Reproduce the data below exactly as written. Pictures do not belong in the copy.

** Opening Entries shown block **

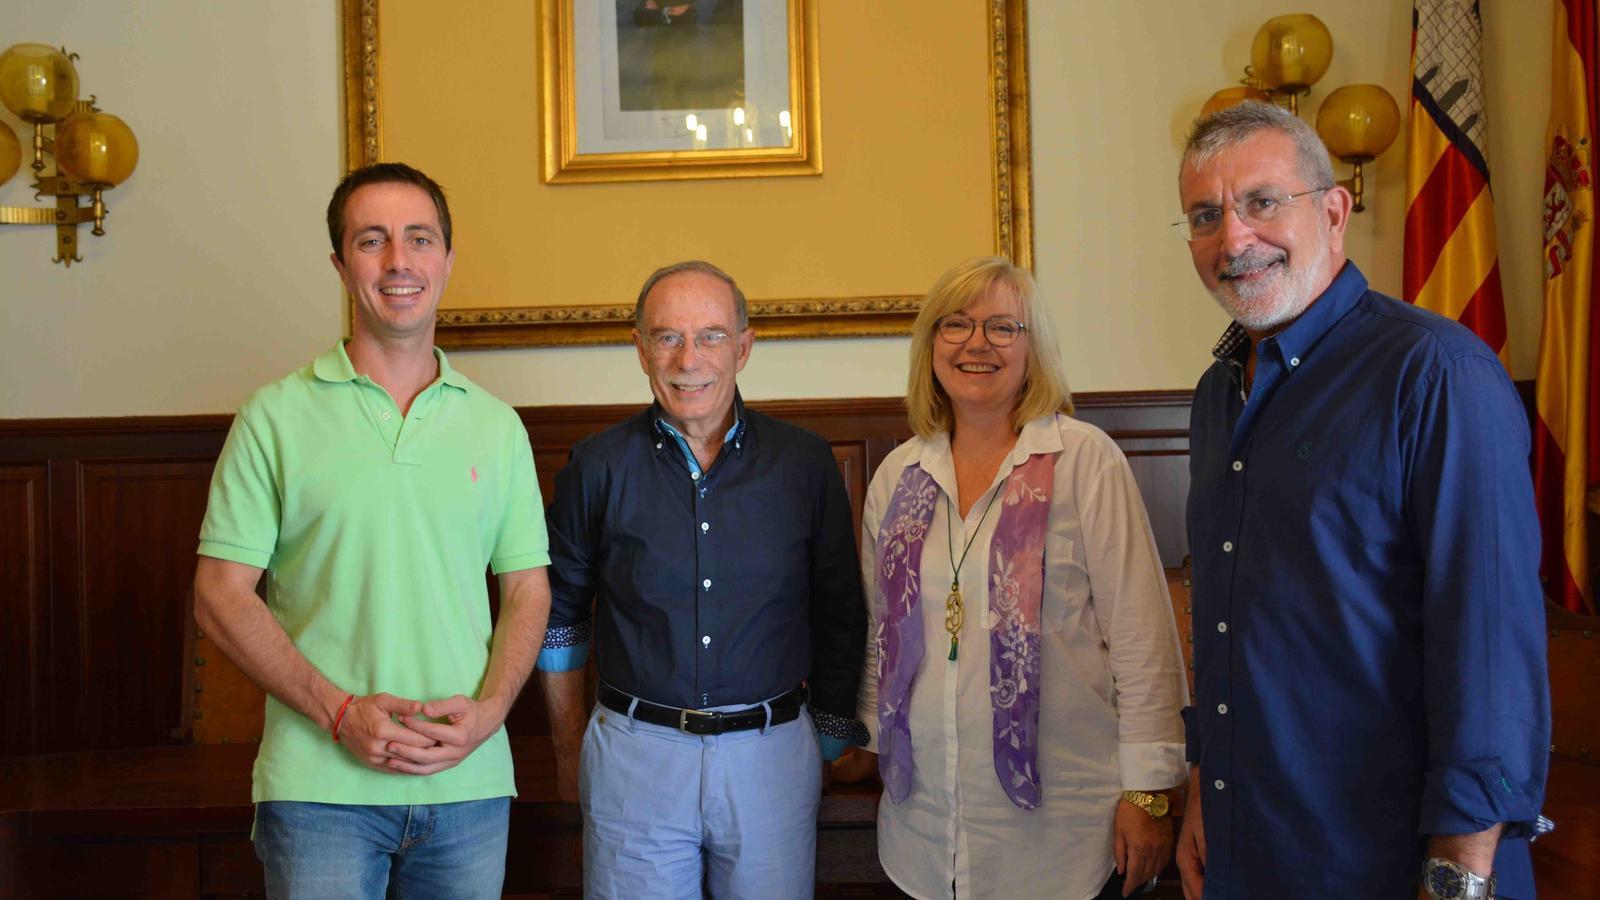 El batle de Santanyí, Llorenç Galmés;  Antoni Vidal Ferrando;  la regidora de Cultura de Santanyí, Ricarda Vicens, i el Delegat de Cultura, Damià Rigo.
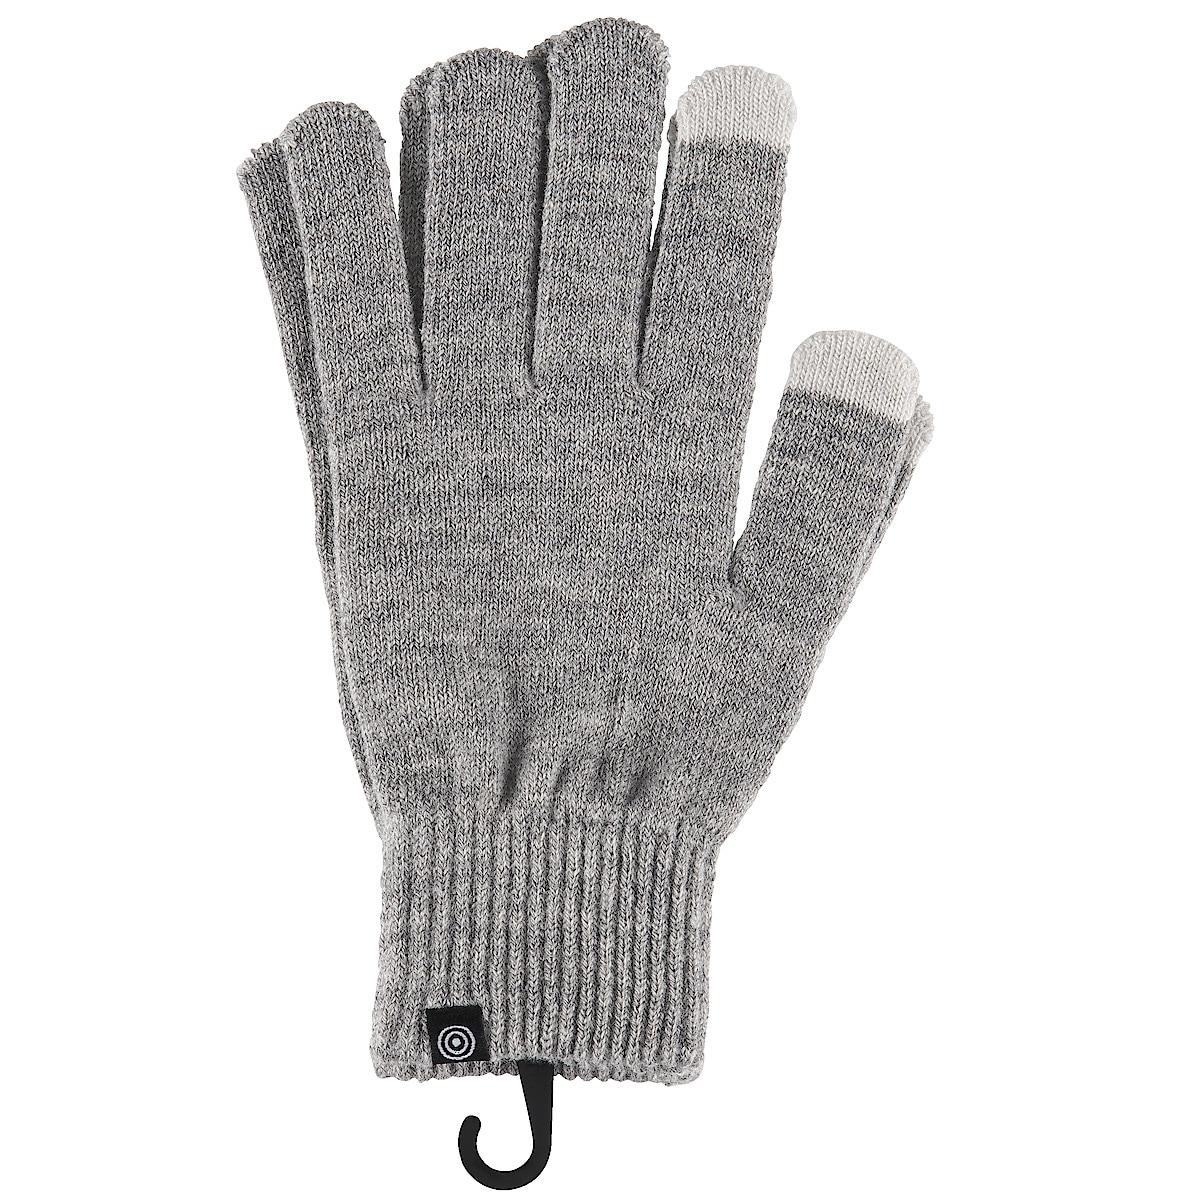 Touchscreen-Handschuhe, grau
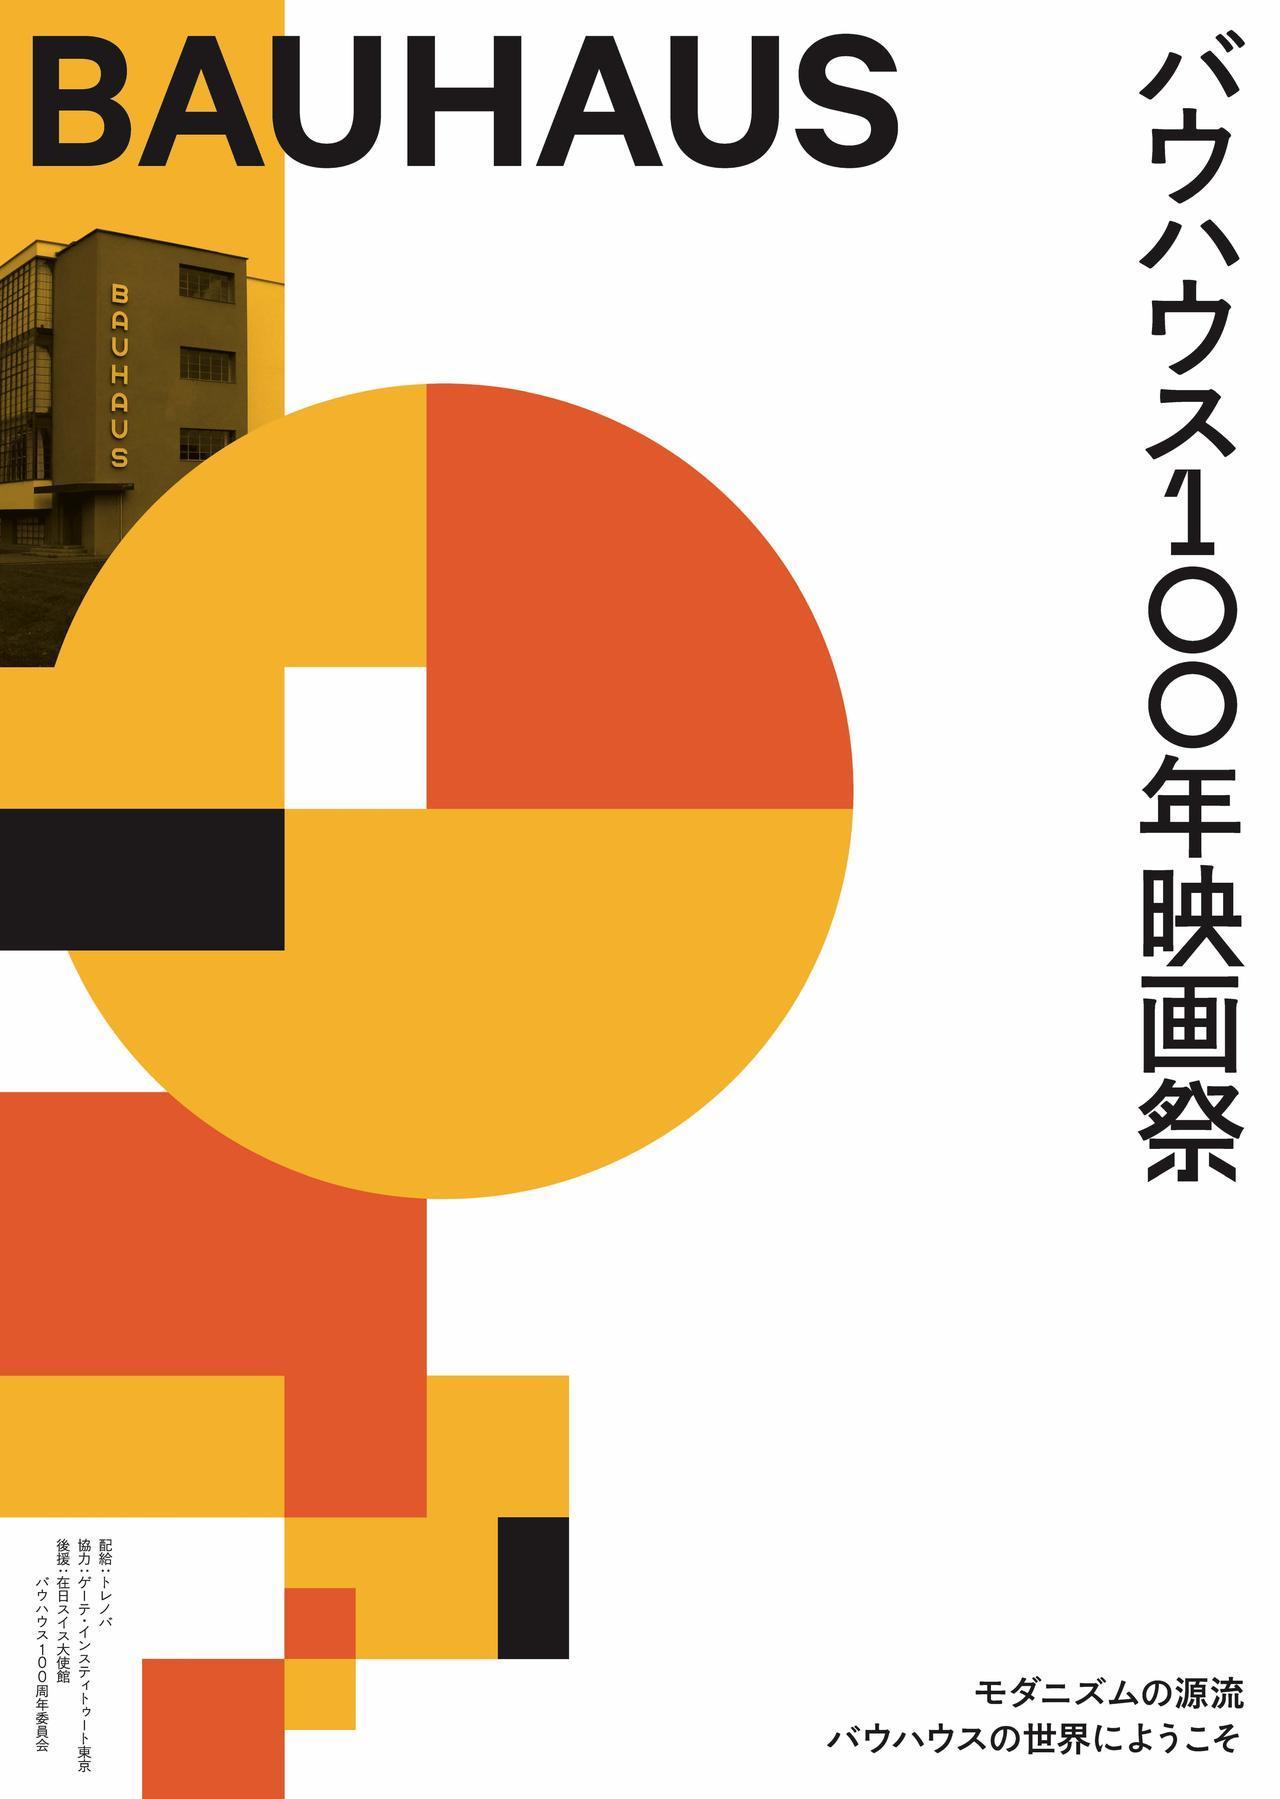 """画像: 20世紀の二つの大戦の間に生まれたデザイン・アート・建築の奇跡— """"バウハウス""""とはいったい何なのか? 『バウハウス 100年映画祭』開催!"""
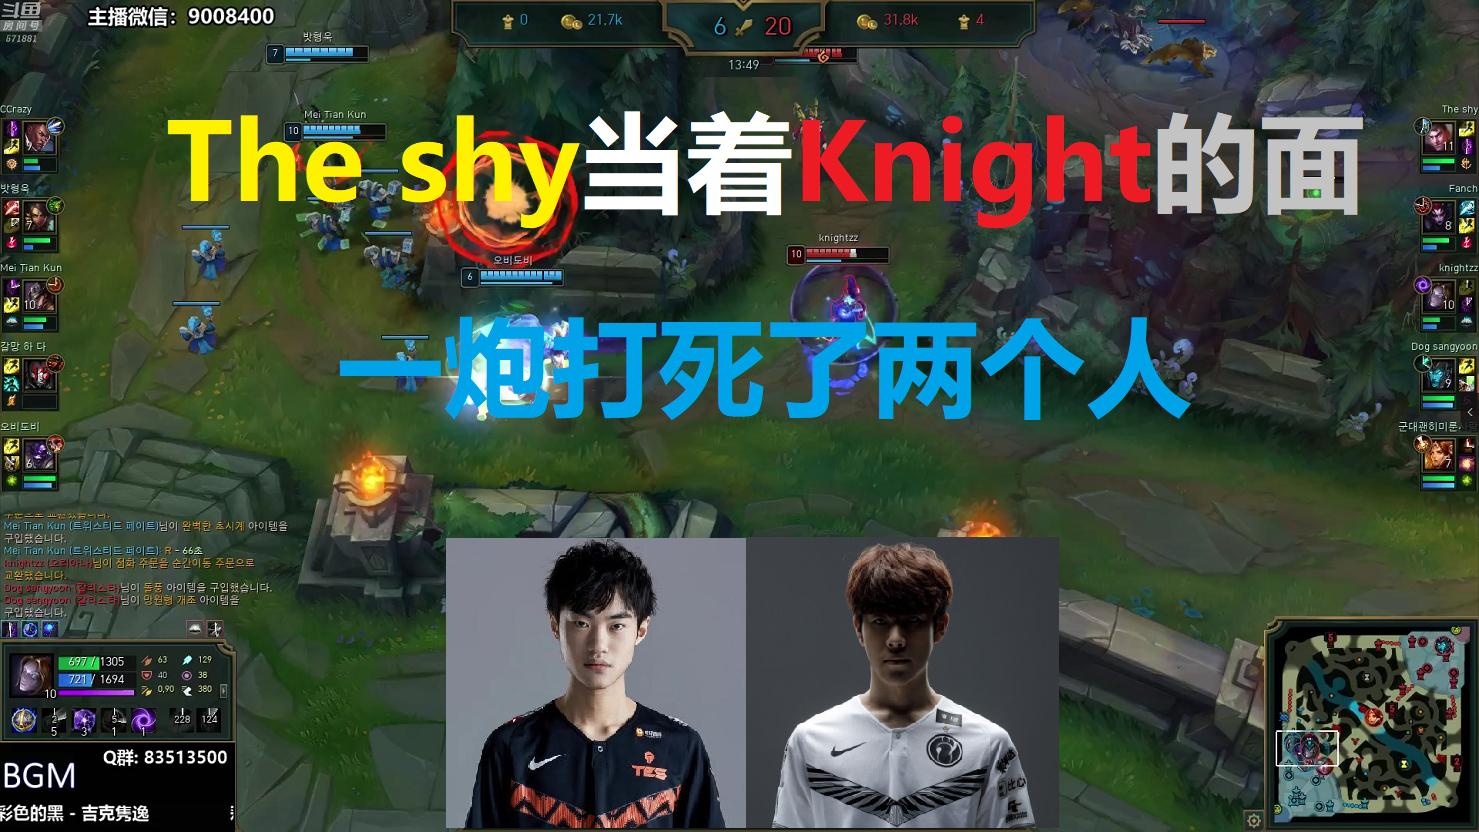 The shy当着Knight的面,一炮打死了两个人!
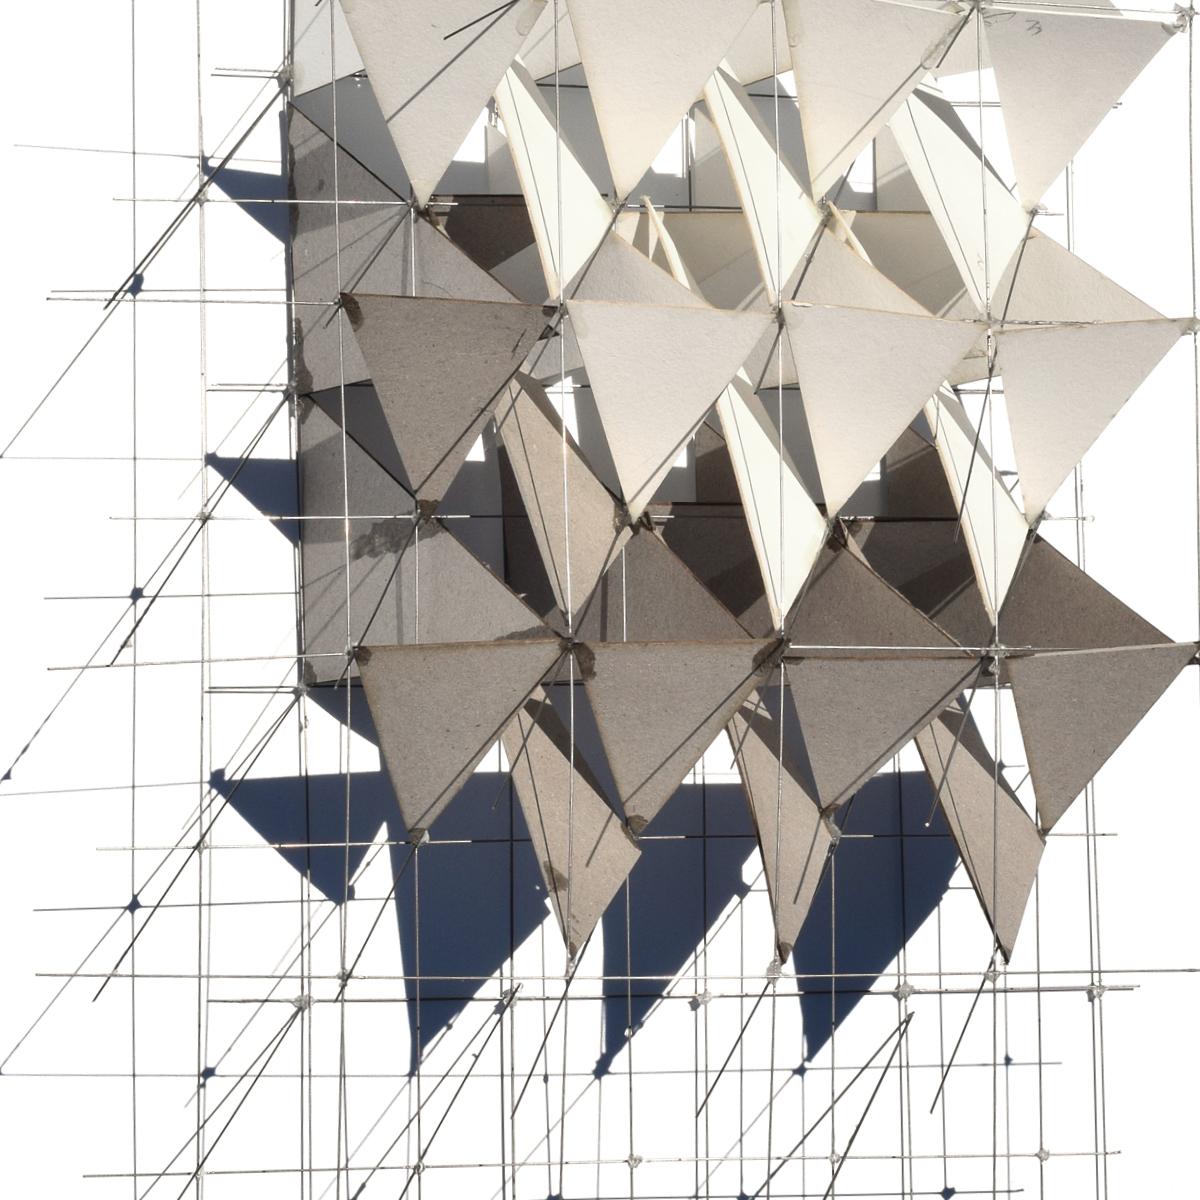 web images - spectroplexus3.jpg

** Closing Entries shown block **

[Answer section]:
 El batle de Santanyí, Llorenç Galmés;  Antoni Vidal Ferrando;  la regidora de Cultura de Santanyí, Ricarda Vicens, i el Delegat de Cultura, Damià Rigo.
 Touchscreen-Handschuhe, grau
 """画像: 20世紀の二つの大戦の間に生まれたデザイン・アート・建築の奇跡— """"バウハウス""""とはいったい何なのか? 『バウハウス 100年映画祭』開催!"""
 The shy当着Knight的面,一炮打死了两个人!
 web images - spectroplexus3.jpg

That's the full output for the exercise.